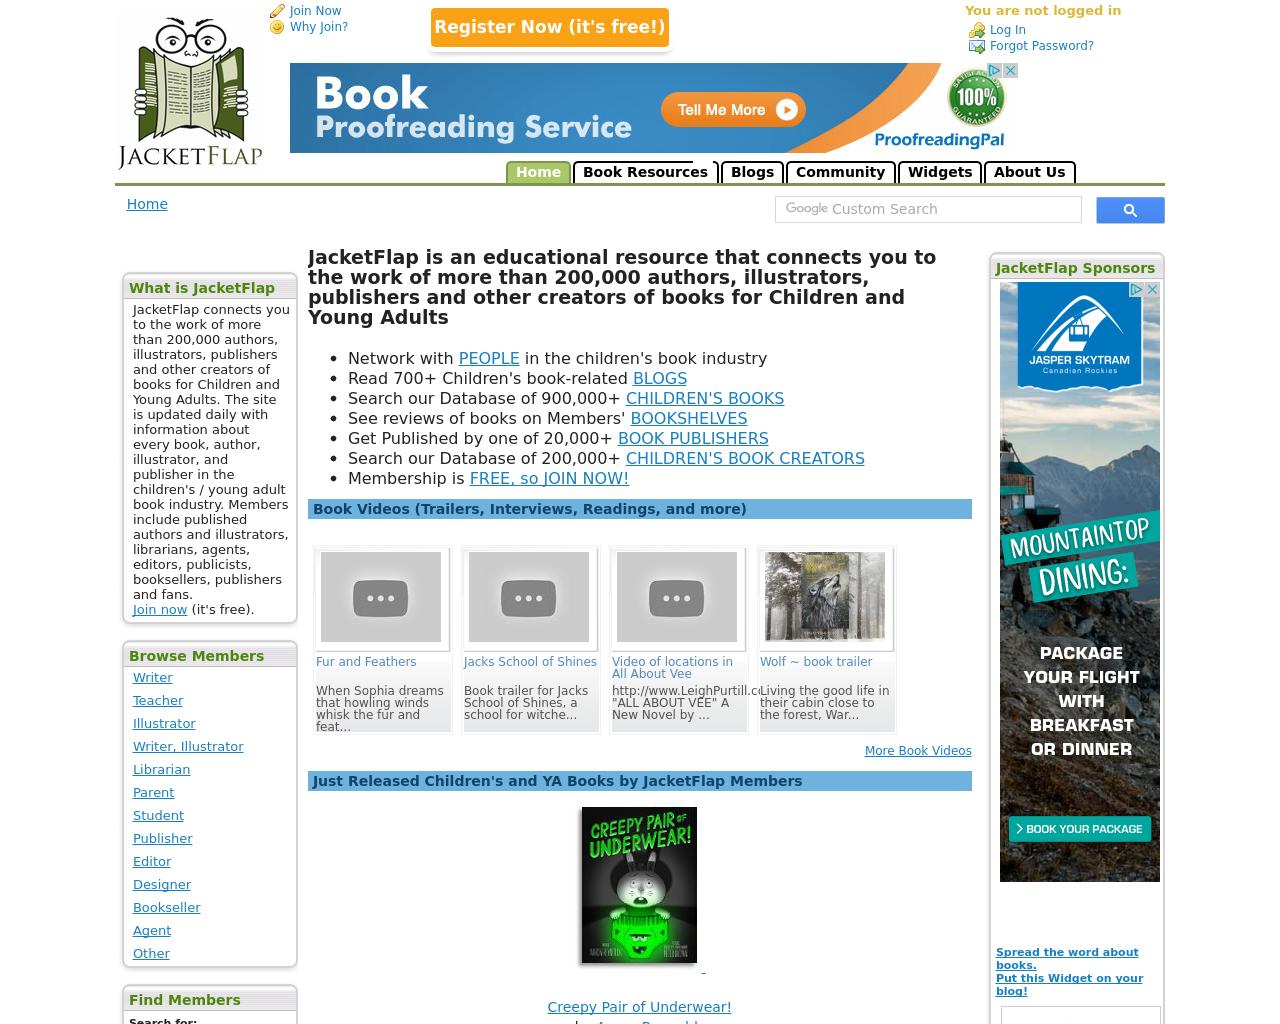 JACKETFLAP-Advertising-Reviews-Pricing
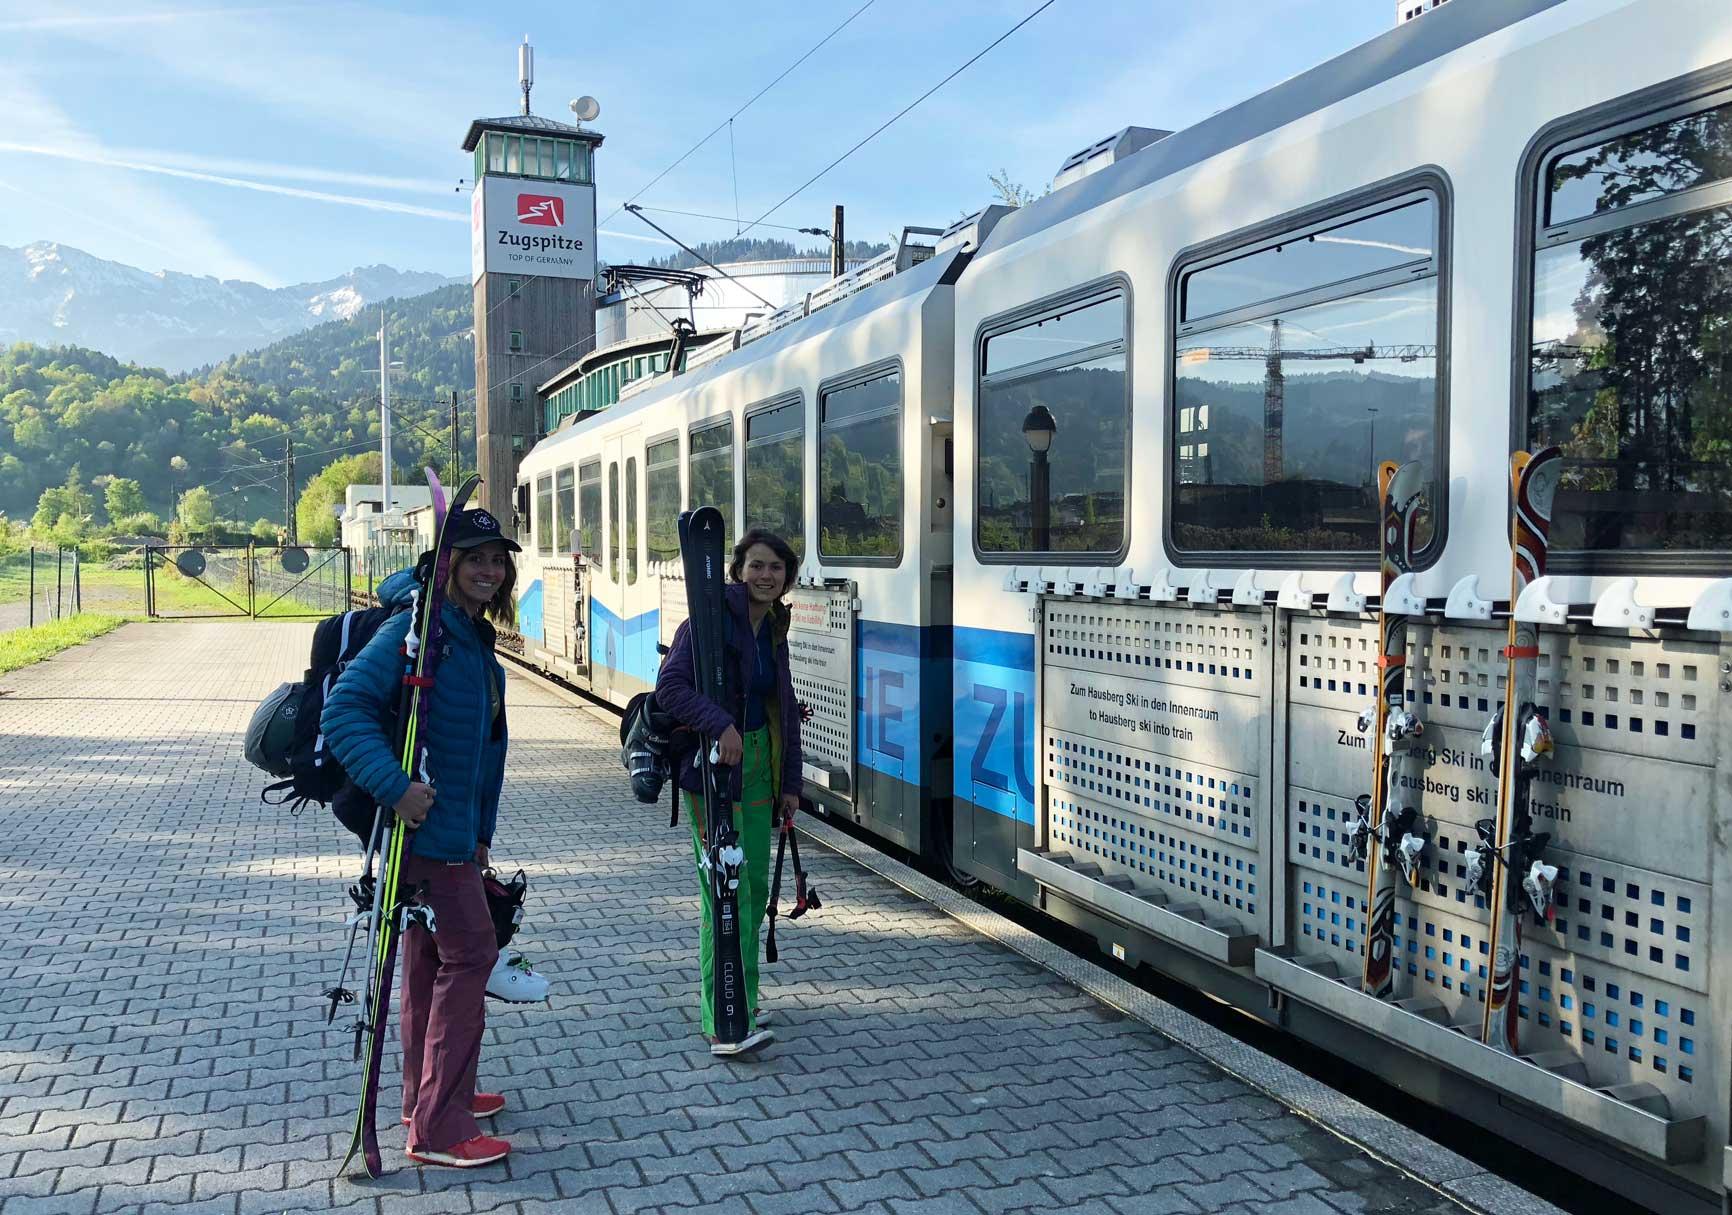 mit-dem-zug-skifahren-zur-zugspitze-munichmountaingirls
* * *
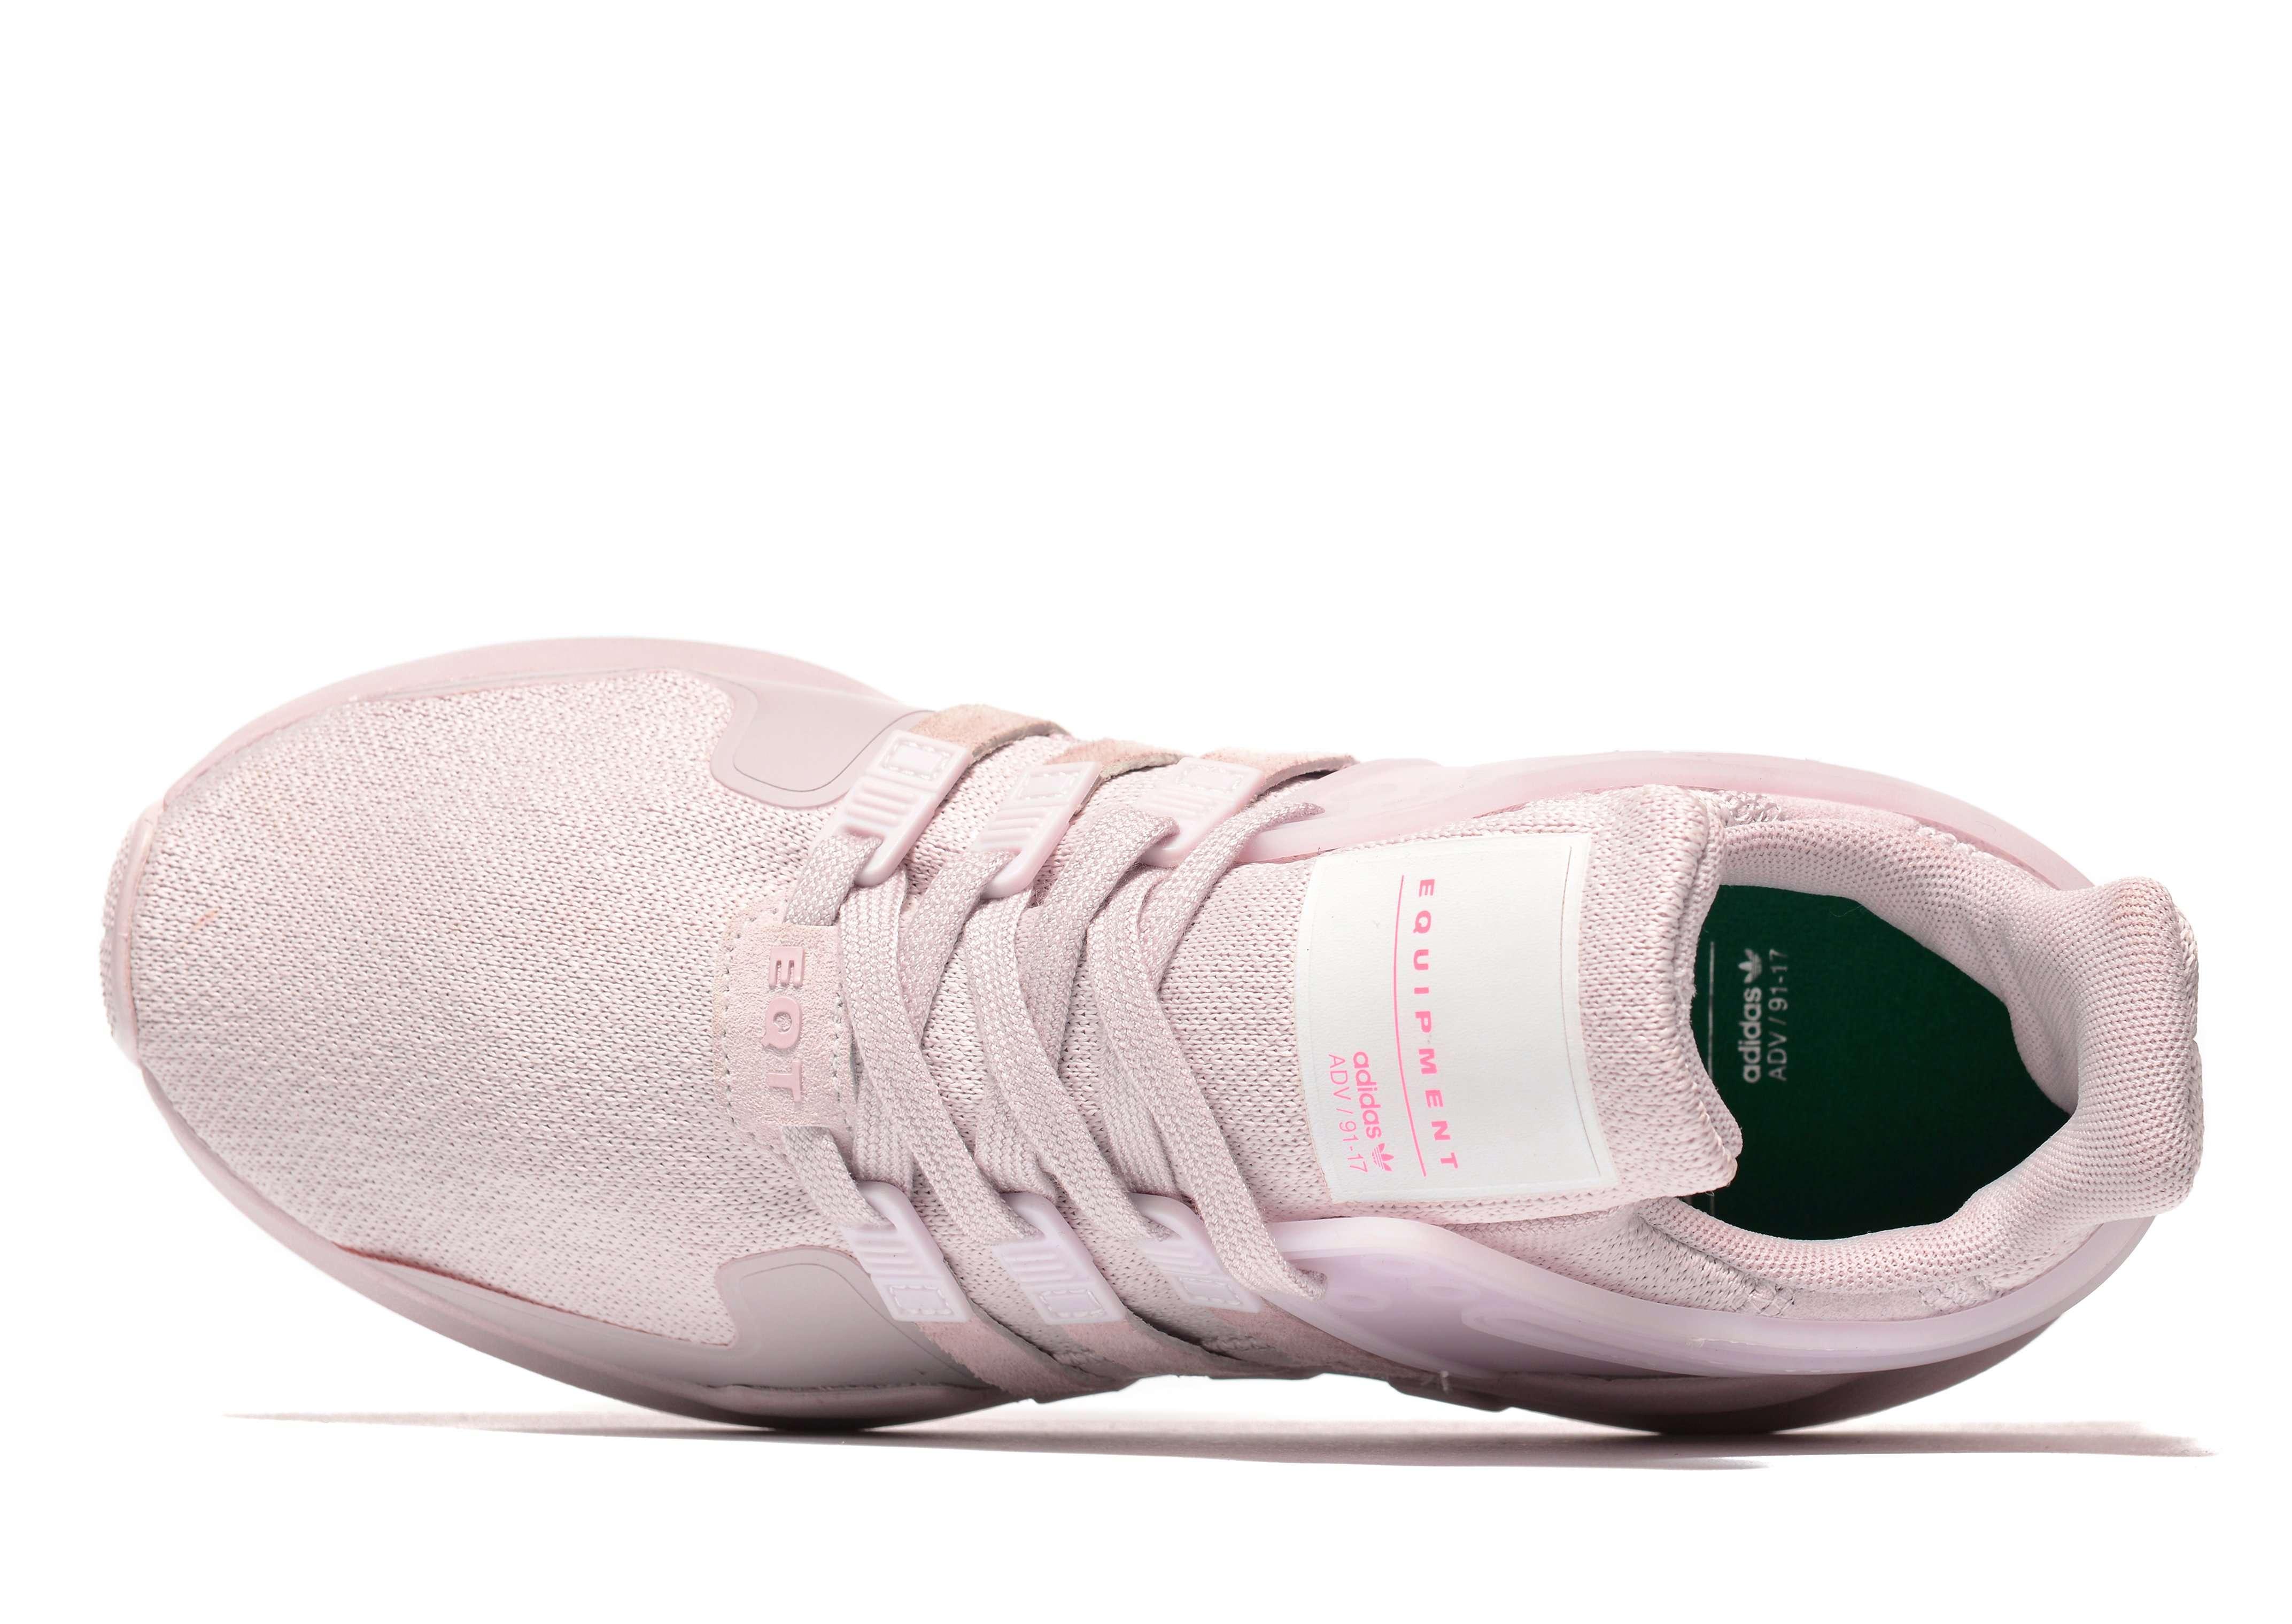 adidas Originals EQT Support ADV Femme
--
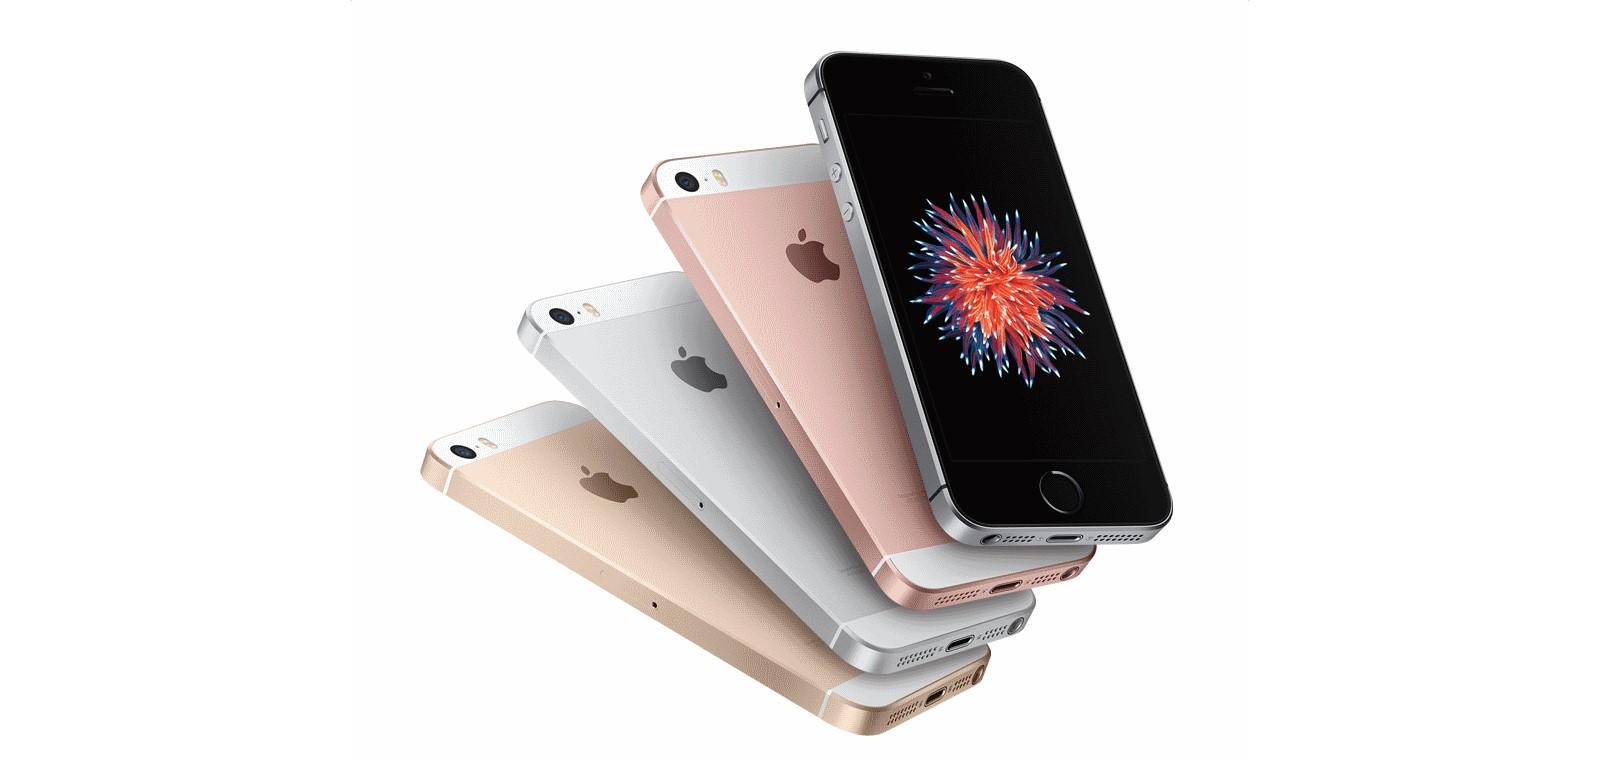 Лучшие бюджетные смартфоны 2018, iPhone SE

* [WHAT THIS TASK INVOLVES]: Output exactly the lines of the listing above that start with the one holding "JACKETFLAP-Advertising-Reviews-Pricing" and go on through the one holding "mit-dem-zug-skifahren-zur-zugspitze-munichmountaingirls"; leave the pictures out.

* [SOLUTION TO THE EXERCISE]:
 JACKETFLAP-Advertising-Reviews-Pricing
 mit-dem-zug-skifahren-zur-zugspitze-munichmountaingirls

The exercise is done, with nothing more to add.